• [The problem]: Required from the data below: the exact lines starting at the line containing "Miracle Dog Kauknacker" and ending at the line containing "Abteilung des Taoiseach", with both ends kept and all pictures dropped.

*** Opening Records supplied ***

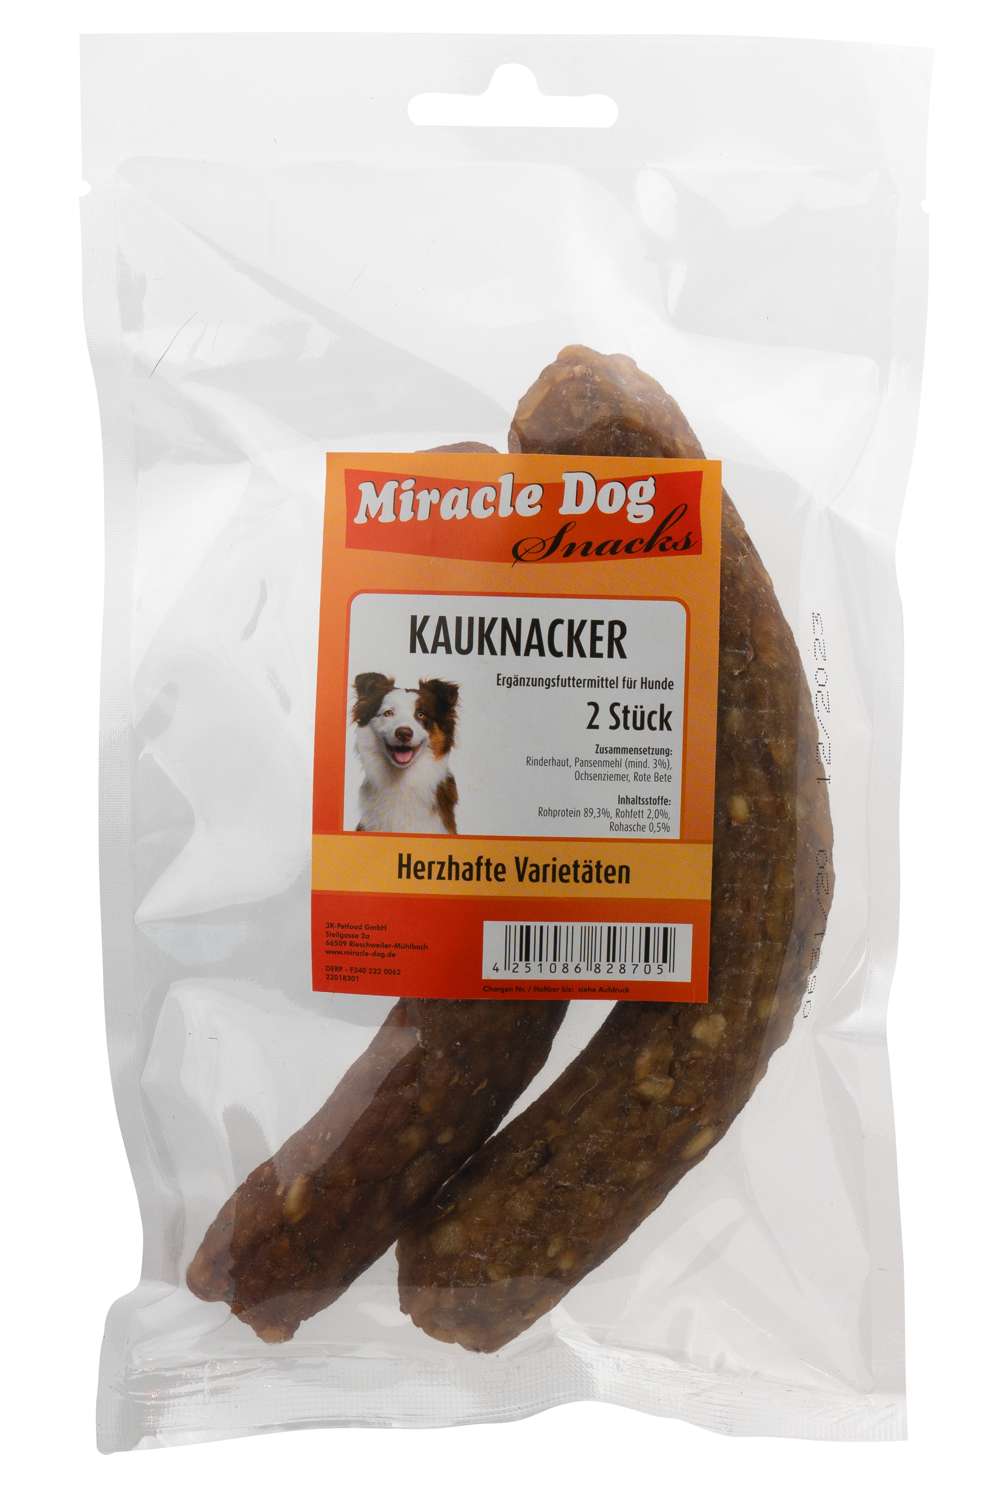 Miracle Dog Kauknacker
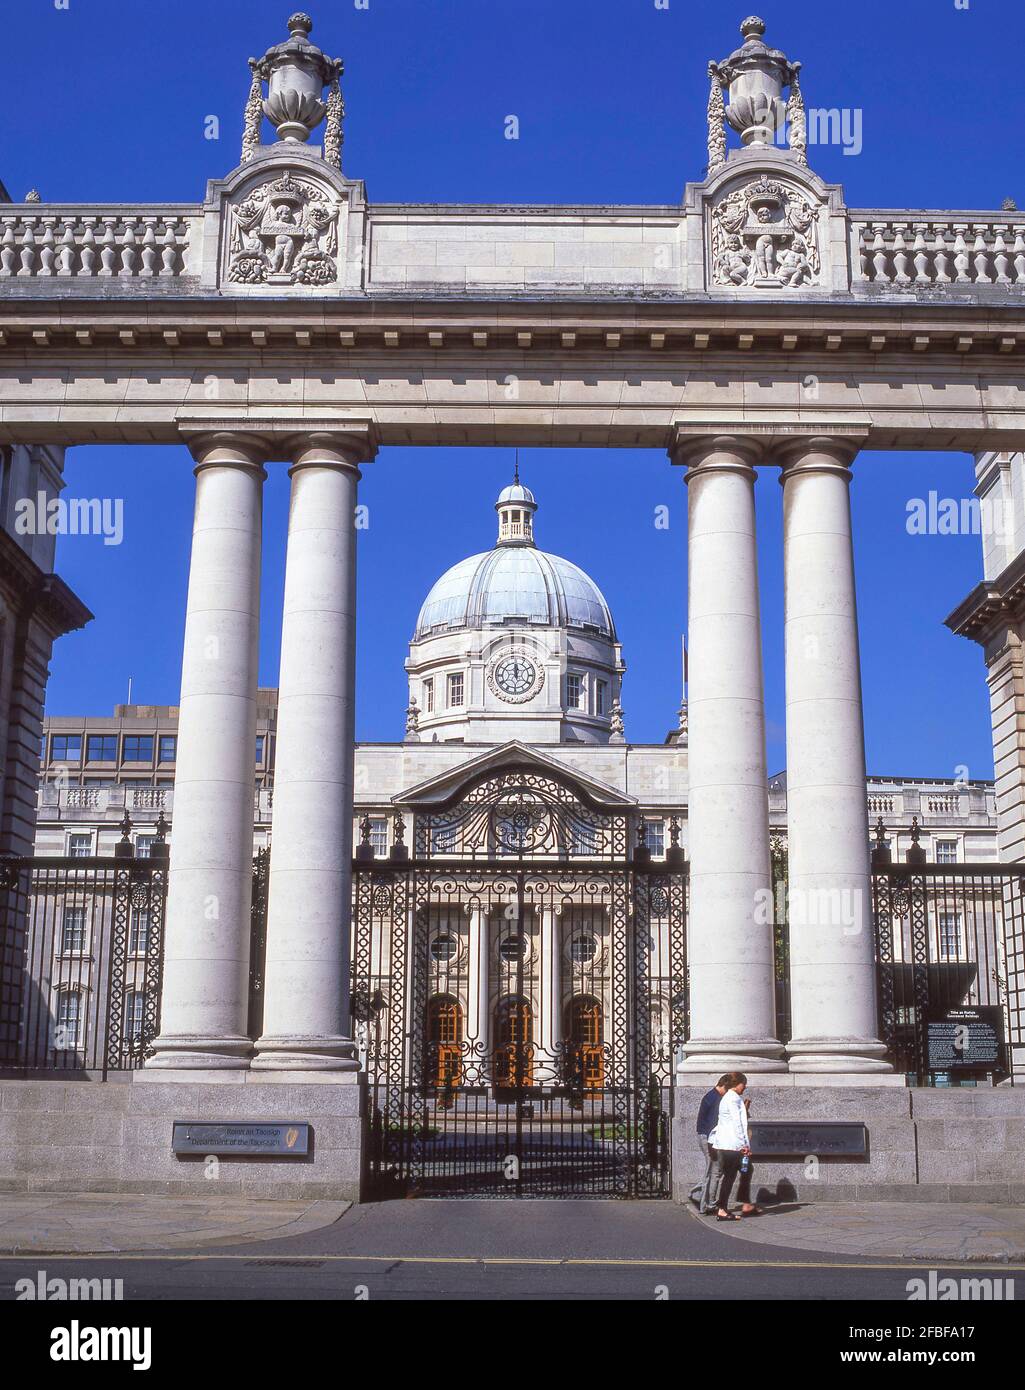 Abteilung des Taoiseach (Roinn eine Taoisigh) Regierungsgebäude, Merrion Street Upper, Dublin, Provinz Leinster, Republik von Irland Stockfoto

*** Closing Records supplied ***
*** Opening Records supplied ***

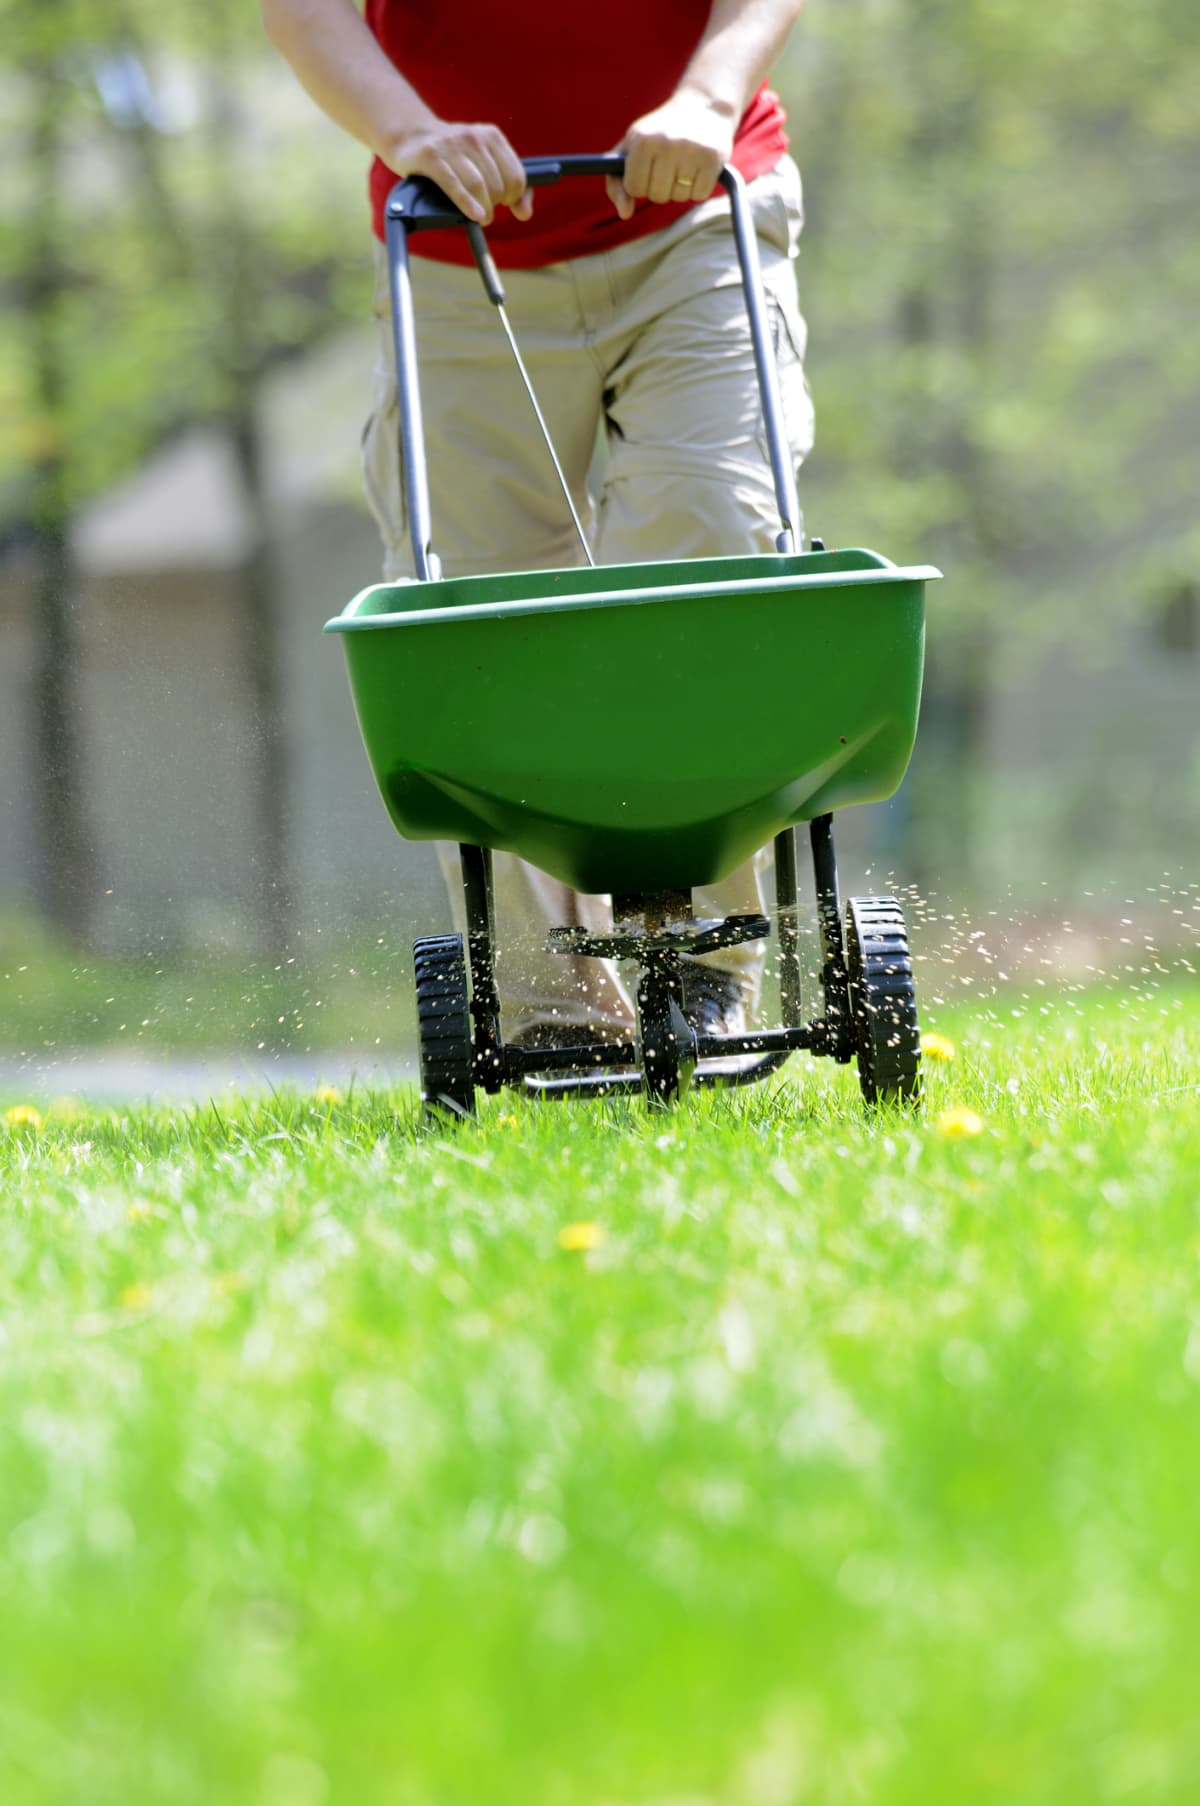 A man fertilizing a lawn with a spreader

*** Closing Records supplied ***
*** Opening Records supplied ***

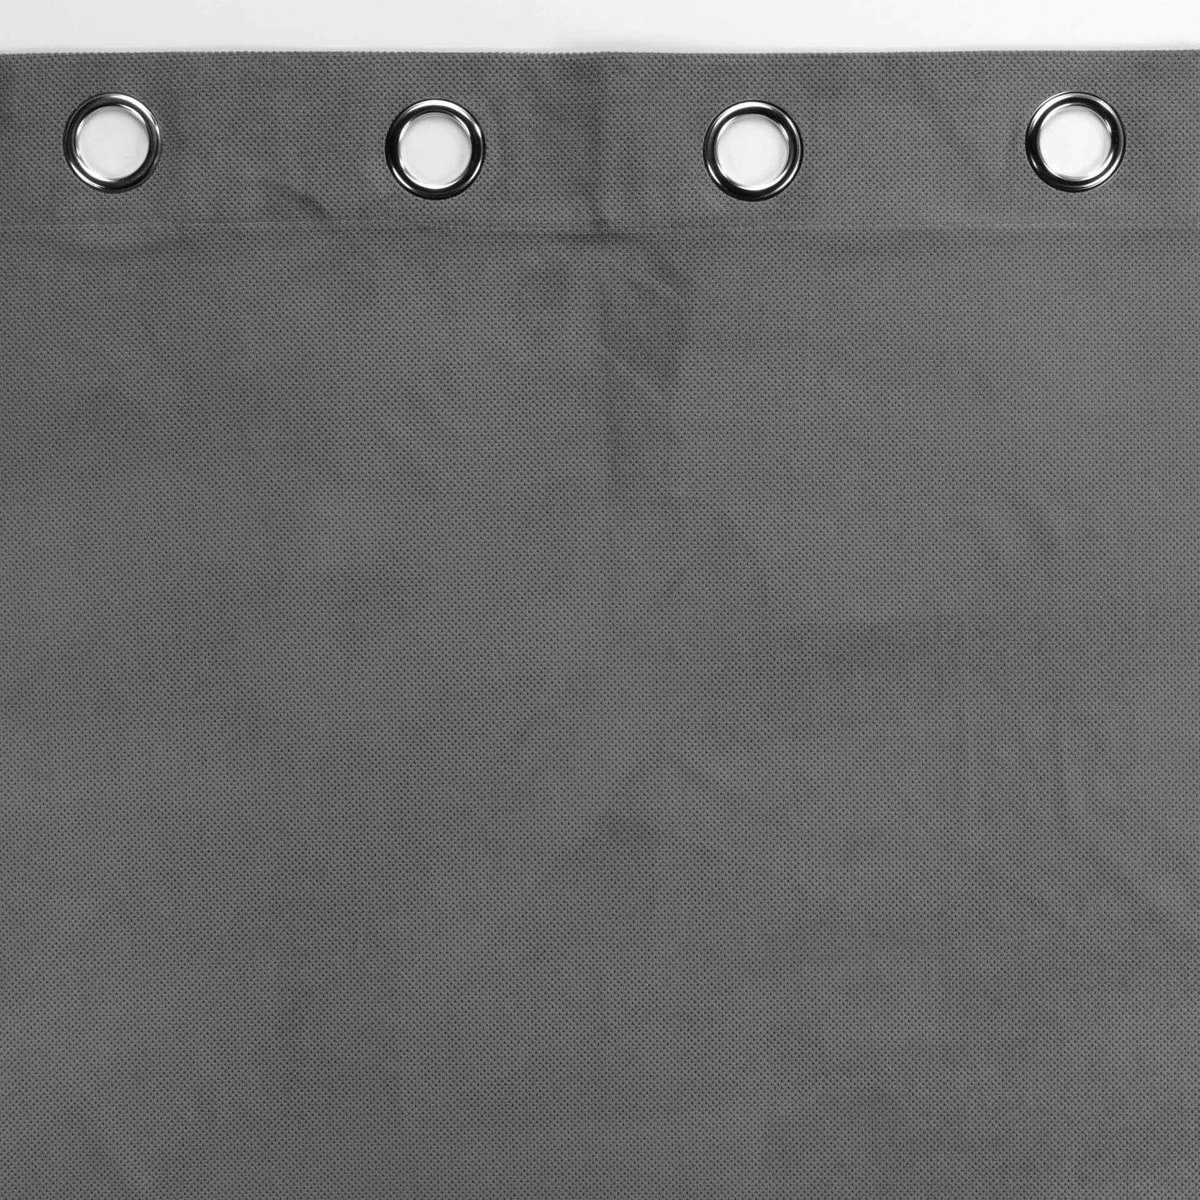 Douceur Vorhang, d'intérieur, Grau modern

*** Closing Records supplied ***

• [Written response]:
 Miracle Dog Kauknacker
 Abteilung des Taoiseach (Roinn eine Taoisigh) Regierungsgebäude, Merrion Street Upper, Dublin, Provinz Leinster, Republik von Irland Stockfoto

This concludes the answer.